In contrast, the 13 survivors all contained integrated IAPV sequences but showed no evidence for replication of the virus.
This is of profound importance to our understanding of the resistance of honey bees to pathogens … and in the longer term for the selection or generation of virus-resistant bees.
If it is correct.
It’s of such profound importance that it’s extraordinary that there have been no subsequent follow-up papers (at least to my knowledge).
What there have been are number of outstanding but indirectly related studies that have demonstrated a potential mechanism for the integration of RNA sequences into a DNA genome. We also now have a much improved understanding of how such integrated sequences could confer resistance to the host of the pathogen.
Perhaps the best of these follow-up studies is one by Carla Saleh 9 on the molecular mechanisms that underlie the integration of viral RNA sequences into the host DNA genome.

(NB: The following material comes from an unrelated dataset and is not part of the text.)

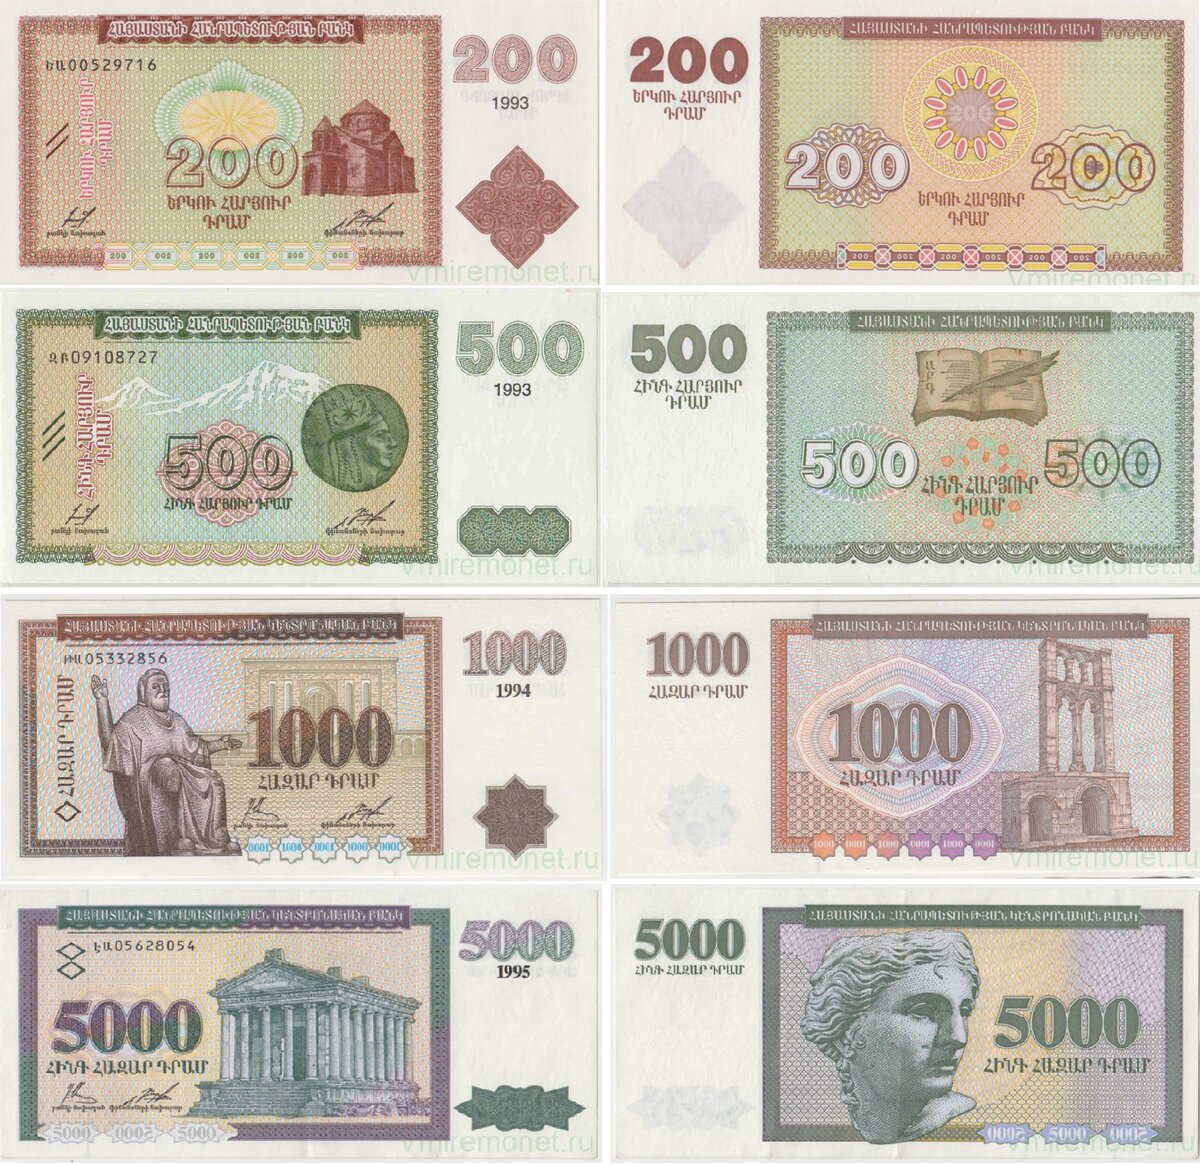 2500 драмов в рублях. Самая большая купюра в Армении. Банкноты Армении. Банкноты Армении в обращении. Драмы номиналы.

This study also demonstrates how an acute virus infection of insects is converted to a persistent infection.
One of the big problems with the Maori study is explaining how RNA gets integrated. RNA and DNA are chemically similar but different. You can’t just join one to the other.

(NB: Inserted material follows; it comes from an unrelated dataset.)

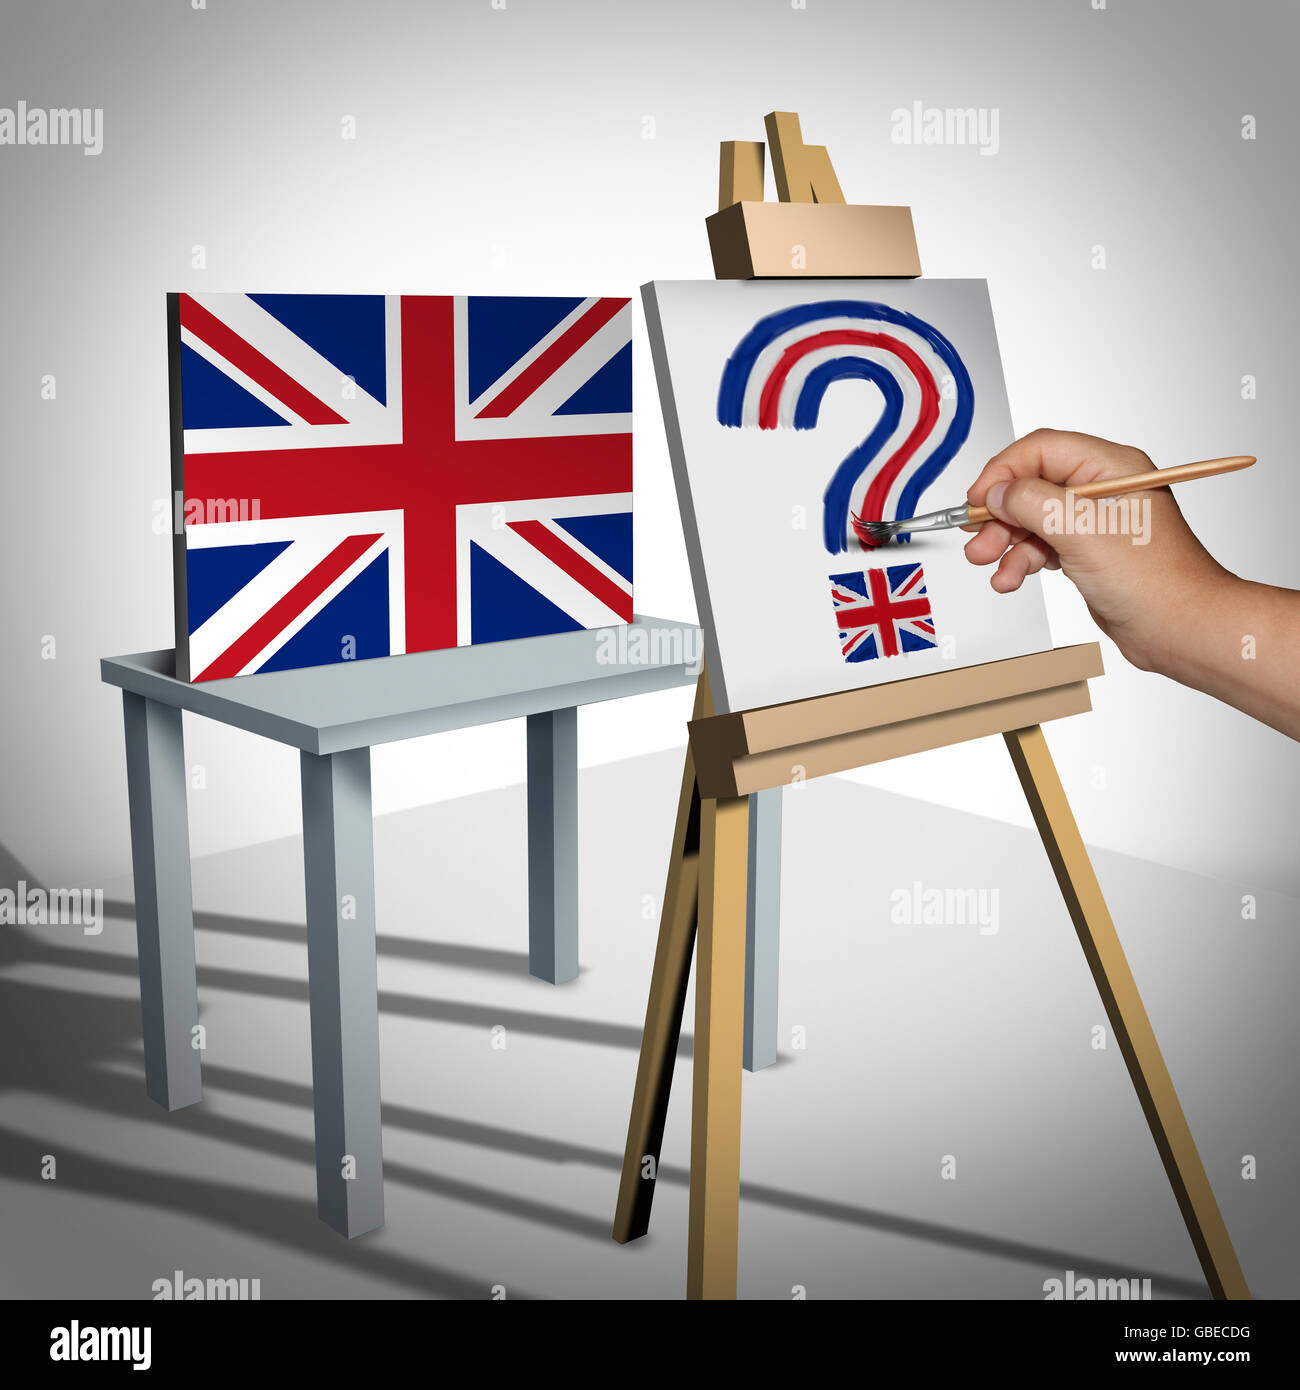 Großbritannien oder britischen Unsicherheit als Brexit Konzept vertritt die UK-Abstimmung zu verlassen oder politischen Wirren mit der Euro-Zone und Europa Mitgliedschaft Entscheidung als Flagge gemalt als Fragezeichen mit 3D Abbildung Elemente. Stockfoto

Saleh showed the an enzyme called an endogenous reverse transcriptase (an enzyme that converts RNA to DNA) was required. In the fruit fly virus model system she worked with she showed that this enzyme was made by a genetic element within the fruit fly genome (hence endogenous) called a retrotransposon.
Importantly, Saleh also showed that the integrated virus sequences acted as the source for interfering RNAs (RNAi) which then suppressed the replication of the virus.

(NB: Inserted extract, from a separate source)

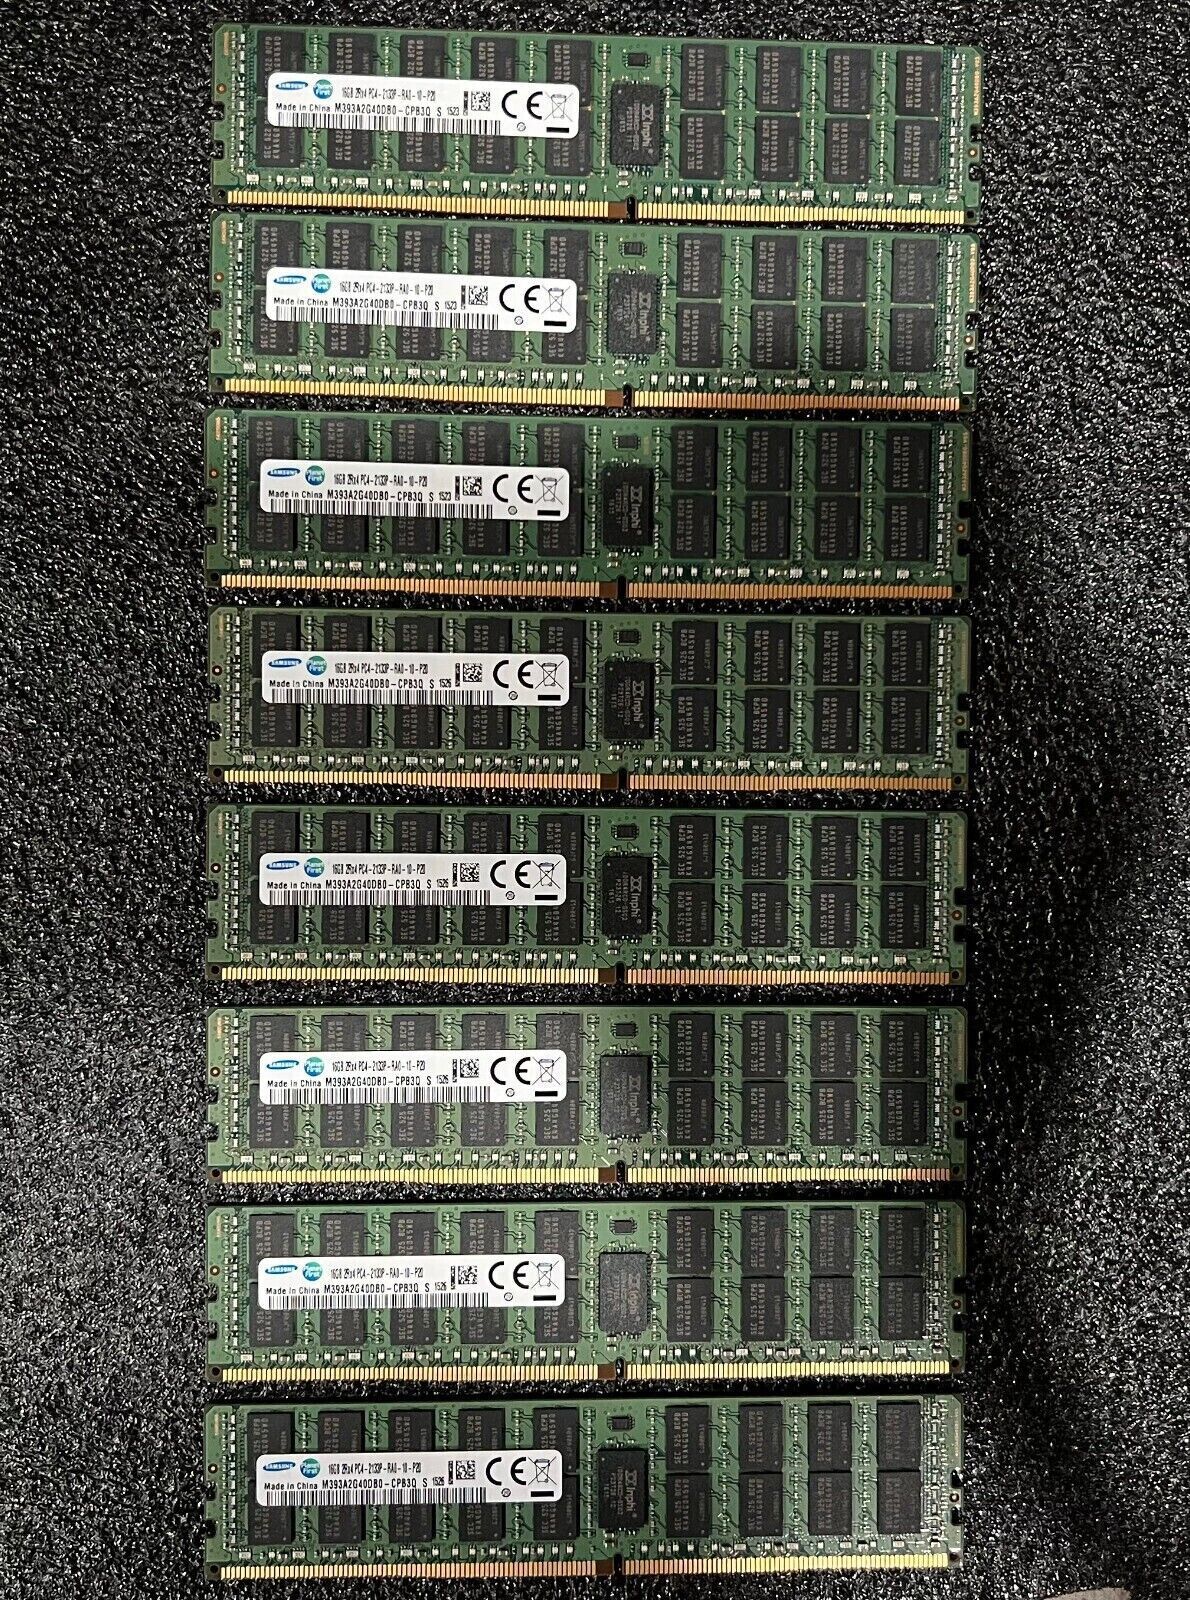 Primary image for Poweredge R430 R630 R730 R830 R930 128GB DDR4 Memory Kit (8 x 16GB)

The study by Saleh and colleagues is extremely elegant and explains much of the earlier work on integration of RNA pathogen sequences into the host genome.
However, it leaves a number of questions unanswered about the bits of IAPV that Maori claim are associated with virus resistance in honey bees.
The Saleh study is really compelling science. Perhaps the same process operates in honey bees?
This is where issues start to appear. The honey bee genome has now been sequenced. Perplexingly (if the Maori study is correct) it contains few transposons and no active retrotransposons.
Without a source of the reverse transcriptase enzyme there’s no way for the RNA to be converted to DNA and integrated into the host genome.
The second major issue is that there are conflicting reports of the presence of viral sequences integrated in the honey bee genome. The assembled sequence 10 appears to contain no virus sequences but there are conference reports of sequences for IAPV, DWV and KBV using a PCR-based method similar to that used by Maori.
There’s a lot to like about the Maori study on naturally transgenic bees (a phrase they used in the conclusion to their paper).
It explains the reported IAPV resistance of some bees/colonies (though this needs better documentation). It implicates a molecular mechanism which has subsequently been demonstrated to operate in a number of different insects and host/pathogen systems.
It’s also a result that as a beekeeper and a virologist I’d also like to think offers hope for the future in terms honey bee resistance to the pathogens that can blight our colonies.
However, the absence of some key controls in the Maori study, the lack of any real follow-up papers on their really striking observation and the contradictions with some of the genomic studies on honey bees is a problem.
Eyal Maori has a very recent paper (PDF) on RNAi transmission in honey bees. It was in part prompted by the second of the IAPV studies I want to discuss that arose after IAPV was implicated as a possible cause of CCD. That study, to be covered in a future post, demonstrates field-scale analysis of RNAi-based suppression of IAPV.
It is important for two reasons. It shows a potential route to combat virus infections and, indirectly, it emphasises the importance of continuing to properly control Varroa (and hence virus) levels for the foreseeable future.